No. You need to initialize the
leftandrightpointers to NULL (or 0 if you prefer). This is necessary because unintialized pointers could have any arbitrary value. If your code ever default constructs a TreeNode and then destroys it without ever assigning anything to those pointers, then delete would be called on whatever that initial value is. So in this design, if those pointers aren't pointing at anything, then you must guarantee that they are set to NULL.The line
left = new TreeNode();creates a new TreeNode object and setsleftto point to it. The lineleft = node.left;reassigns that pointer to point to whatever TreeNode objectnode.leftpoints to. There are two problems with that.Problem 1: Nothing now points to that new TreeNode. It is lost and becomes a memory leak because nothing can ever destroy it.
Problem 2: Now both
leftandnode.leftend up pointing to the same TreeNode. That means the object being copy constructed and the object it's taking values from will both think they own that same TreeNode and will both call delete on it in their destructors. Calling delete twice on the same object is always a bug and will cause problems (including possibly crashes or memory corruption).Since each TreeNode owns its left and right nodes, then probably the most reasonable thing to do is make copies. So you would write something similar to:
Almost certainly. Or at least, the code in each should have the same end result. It would be very confusing if copy construction and assignment had different effects.EDIT - The above paragraph should be: The code in each should have the same end result in that the data is copied from the other object. This will often involve very similar code. However, the assignment operator probably needs to check if anything has already been assigned to
leftandrightand so clean those up. As a consequence, it may also need to watch out for self-assignment or else be written in a way that doesn't cause anything bad to happen during self-assignment.In fact, there are ways to implement one using the other so that the actual code that manipulates the member variables is only written in one place. Other questions on SO have discussed that, such as this one.
更好的是,我认为
你必须在赋值操作中删除指针“左”和“右”,否则会出现内存泄漏
Even better, I think
plus you have to delete the pointers 'left' and 'right' in the assignment operation, or you'll have a memory leak
我就是这样做的:
因为您要管理同一对象中的两个资源,所以正确执行此操作会变得有点复杂(这就是为什么我建议永远不要在一个对象中管理多个资源)。
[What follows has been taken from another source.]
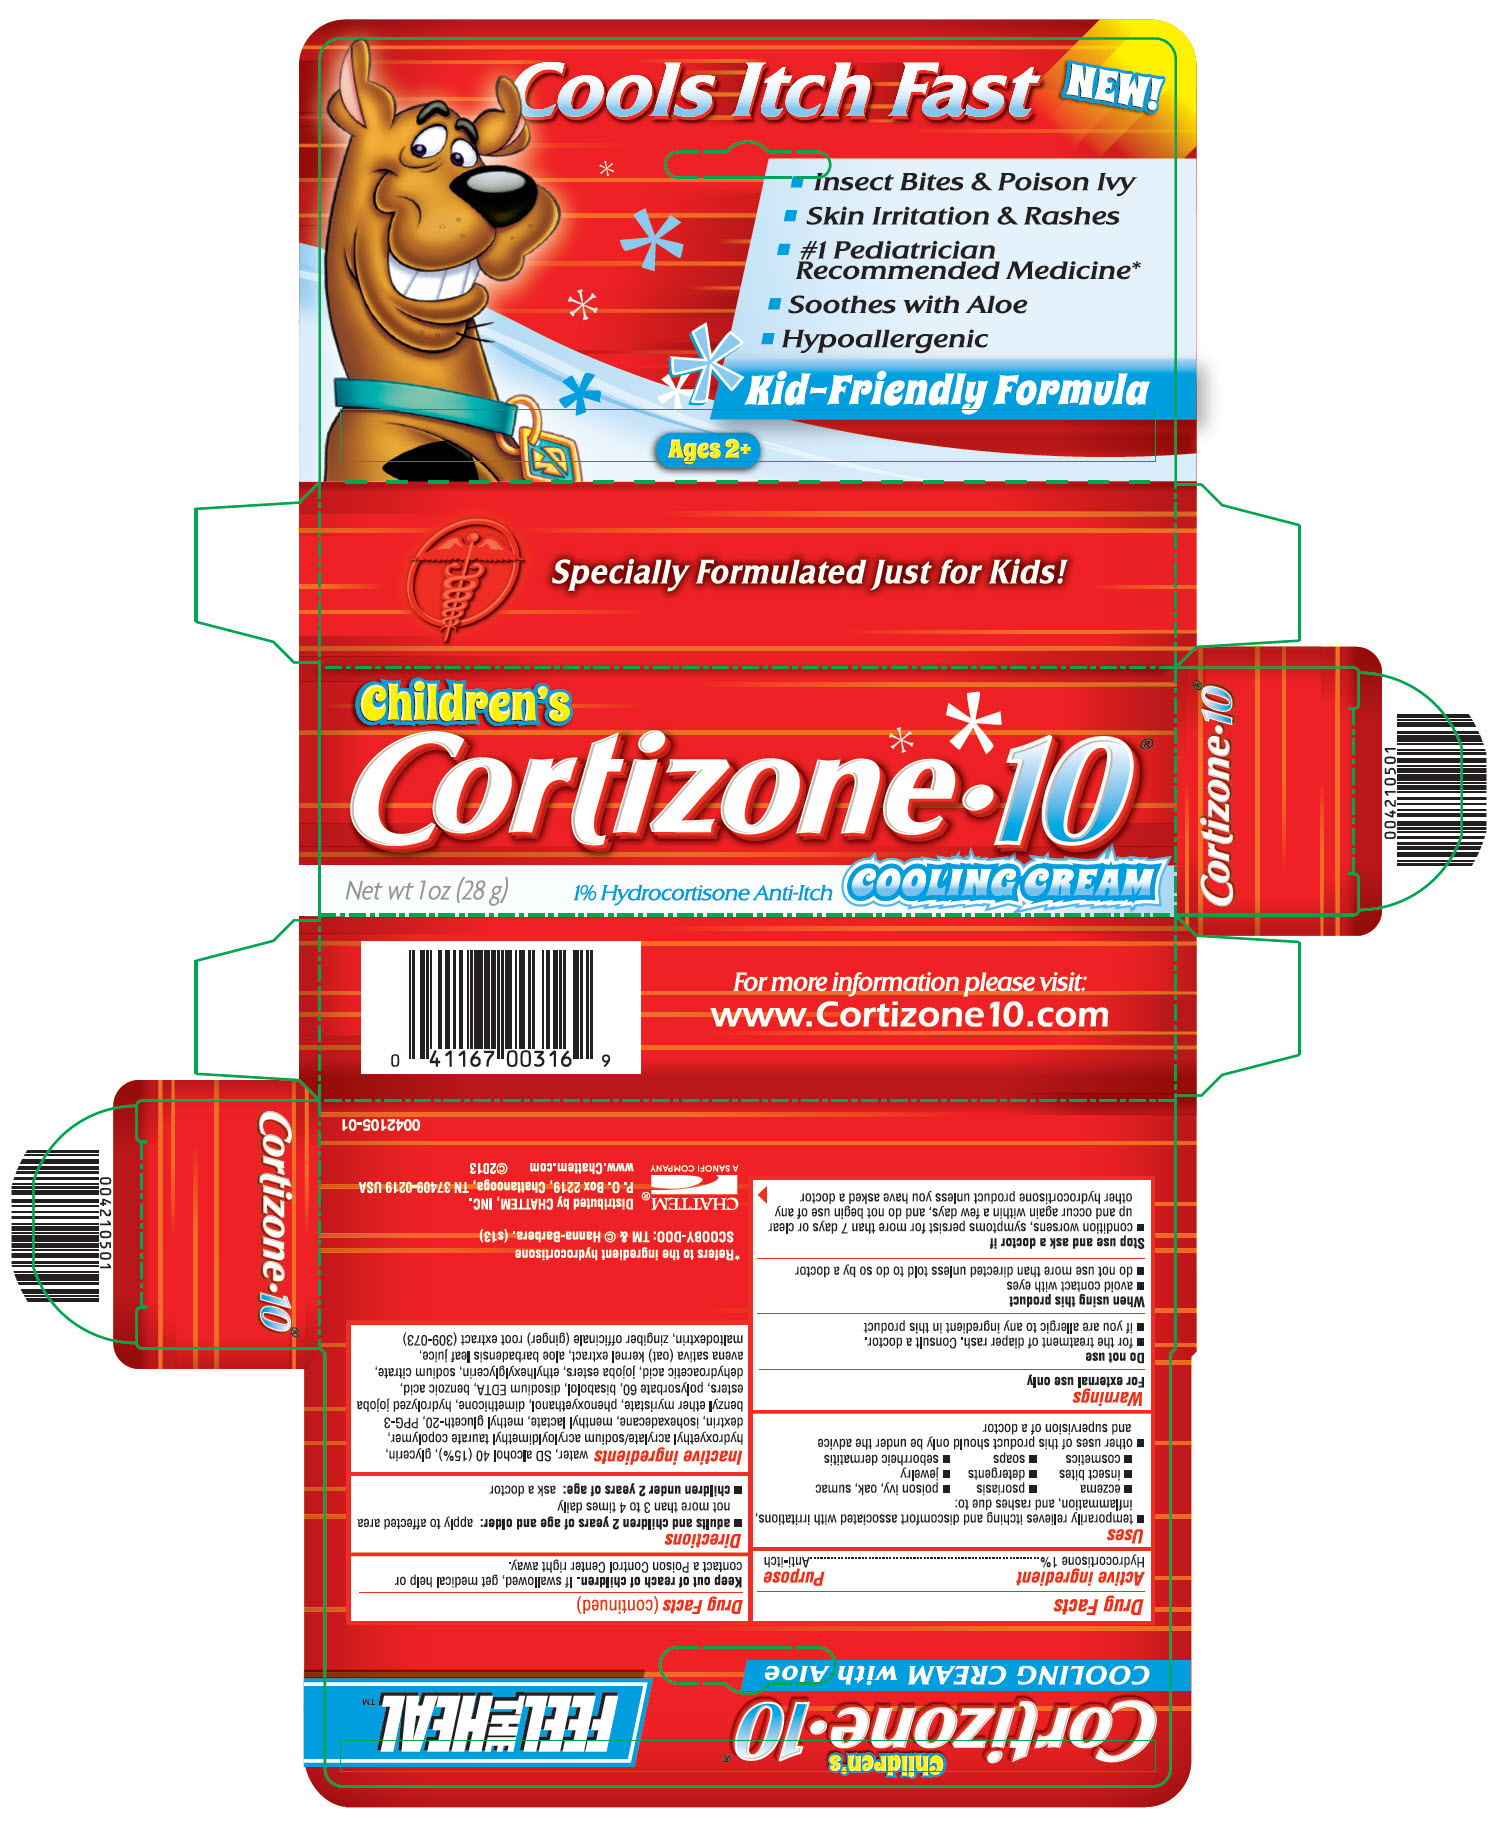 Children's Cortizone-10 Cooling Cream Net wt 1 OZ (28 g) 1% Hydrocortisone Anti-Itch Cooling Cream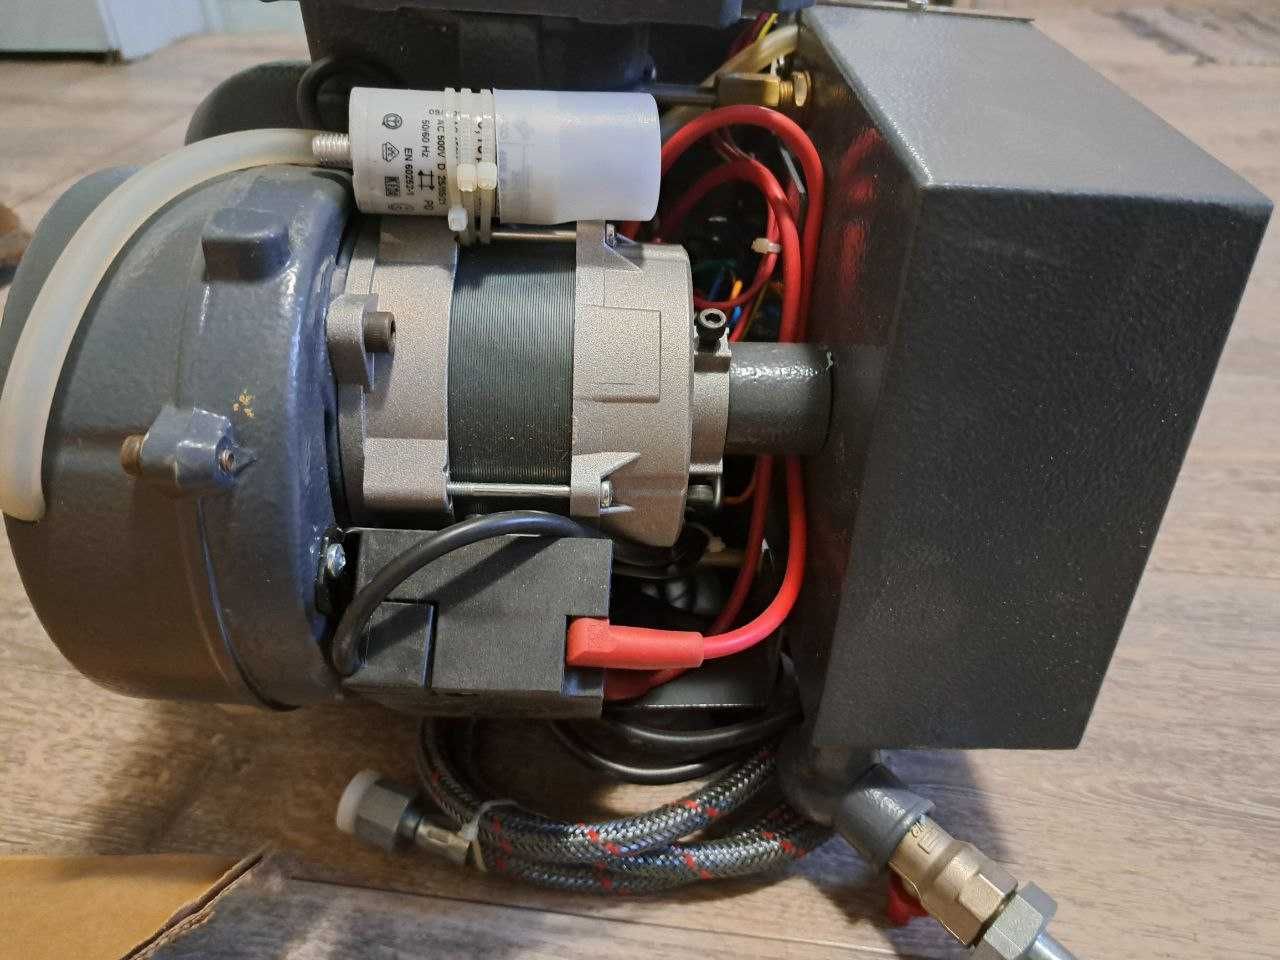 Горелка на отработанном масле Kroll KG/UB 20 (26-38 кВт)

如果您使用复制/交换习惯用法,则复杂性仅限于复制构造函数(要获得正确的强异常保证,这并非易事)。
现在最难的部分是:
This is how I would do it:
Because you are managing two resources in the same object doing this correctly becomes a bit more complex (Which is why I recommend never managing more than one resource in an object). If you use the copy/swap idiom then the complexity is limited to the copy constructor (which is non trivial to get correct for the strong exception guarantee).
The hard part now:
不,对尚未使用
new分配的内容调用delete会调用未定义的行为(在大多数情况下,它会导致应用程序崩溃)将指针设置为
NULL在你的默认构造函数中。我没有看到你的代码的其余部分有这样的问题。您的赋值运算符浅复制节点,而您的复制构造函数深复制它们。
根据您的要求采用合适的方法。 :-)
编辑:
不要在默认构造函数中分配指针,而是使用 初始化列表
No, calling
deleteon something that has not been allocated usingnewinvokes Undefined Behavior (in most cases it results to crash of your application)Set your pointers to
NULLin your default constructor.I don't see such problems with the rest of your code. Your assignment operator shallow copies the nodes whereas your copy constructor deep copies them.
Follow a suitable approach as per your requirement. :-)
EDIT:
Instead of assigning pointers in your default constructor use an initialization list
我还可以建议使用 boost 库中的 boost::shared_ptr (如果你可以使用它),而不是简单的指针吗?它将解决您可能遇到的许多无效指针、深层复制等问题
May I also suggest boost::shared_ptr from the library boost (if you can used it), instead of simple pointers? It'll solve a lot of problems you might have with invalid pointers, deep copies e.t.c.